Using PageViews API (How to use Wikipedia API to get the page view statistics of a particular page in wikipedia?) seems ways too heavy to me : I need data from over 2 millions pages.
Using MassViews (https://tools.wmflabs.org/massviews/) with a query returning all pages titles (https://quarry.wmflabs.org/query/34473) do not work either : MassView suffer from a 20000 pages limitation, and fail to retrieve data for some pages titles from my query results.
Do you know some more efficient tools to do this ?
Upvotes: 0
Views: 798
Reputation: 166
Wikipedia's API is powerful, like this can get the pageview of Apollo_10 of french wikipedia.

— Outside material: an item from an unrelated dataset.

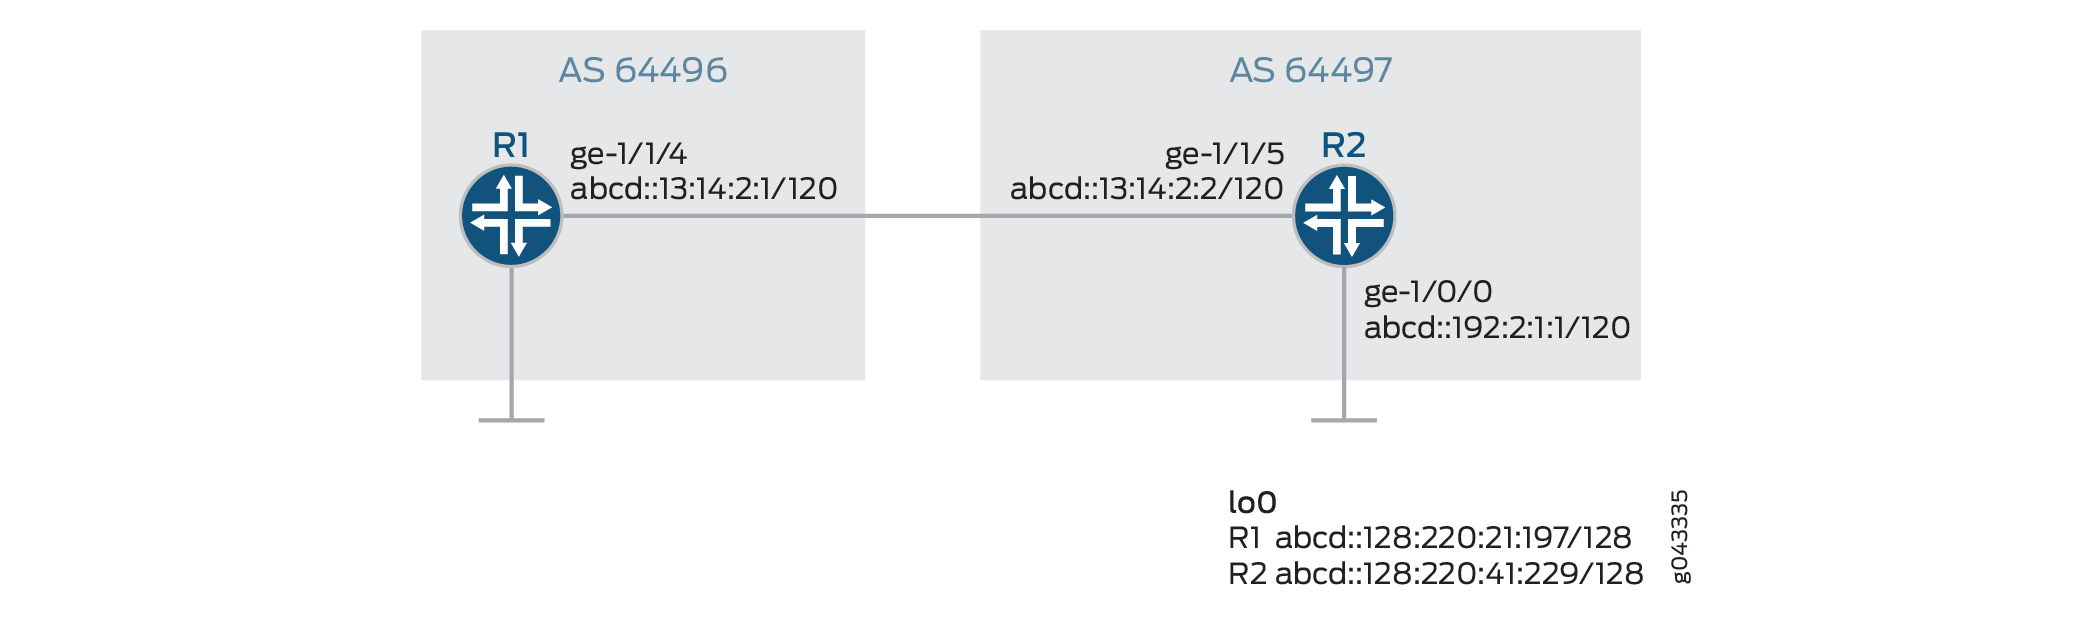 IPv6フロールートを伝送するBGPの設定

Make a script based on this is not so hard.
If you think using API to query all the sites is heavy, you can use google bigquery. It has pageview data in its open dataset. There has a tutorial about this.
Here is my example:
select * from `bigquery-public-data.wikipedia.pageviews_2015` where datehour = '2015-07-12 18:00:00 UTC';
If you want to get specific page of french wiki, you may specify 'wiki=fr' and 'title = xxx'. As I'm new in bigquery, I don't know how to query data cross the table and export. But that's possible based on my poor knowledge in SQL. You can aggregate the data by title and export the result.
The only problem is that bigquery is not free. For example, the query above cost 6GB. Querys (on-demand) is free for the first 1 TB and 5 dollars per TB after. Bigquery will charge according to the data processed in the columns you select, even if you use a 'limit'. So it may cost a lot.
Upvotes: 1
Reputation: 542
Found this : https://dumps.wikimedia.org/other/pagecounts-ez/merged/ which is a merged of page views dumps. Documented here : https://wikitech.wikimedia.org/wiki/Analytics/Data_Lake/Traffic/Pageviews
Here is an example of a Python script who print trivially each line of the one of the file.
import csv
import bz2
from pprint import pprint
with bz2.open("pagecounts-2011-12-views-ge-5-totals.bz2", "rt", errors = "replace") as fichier:
for line in fichier:
text = line.split()
if(text[0] == "fr"):
pprint(text)
With this kinf of files, one per month, it became easy to set up this kind of workflow : filter the liens I really want (french wiki), LOAD DATA INFILE into MySQL database, and querying it with Python again.
Upvotes: 0
Reputation: 1721
You can download dumps of all pageviews from here: https://dumps.wikimedia.org/other/pageviews/
Upvotes: 1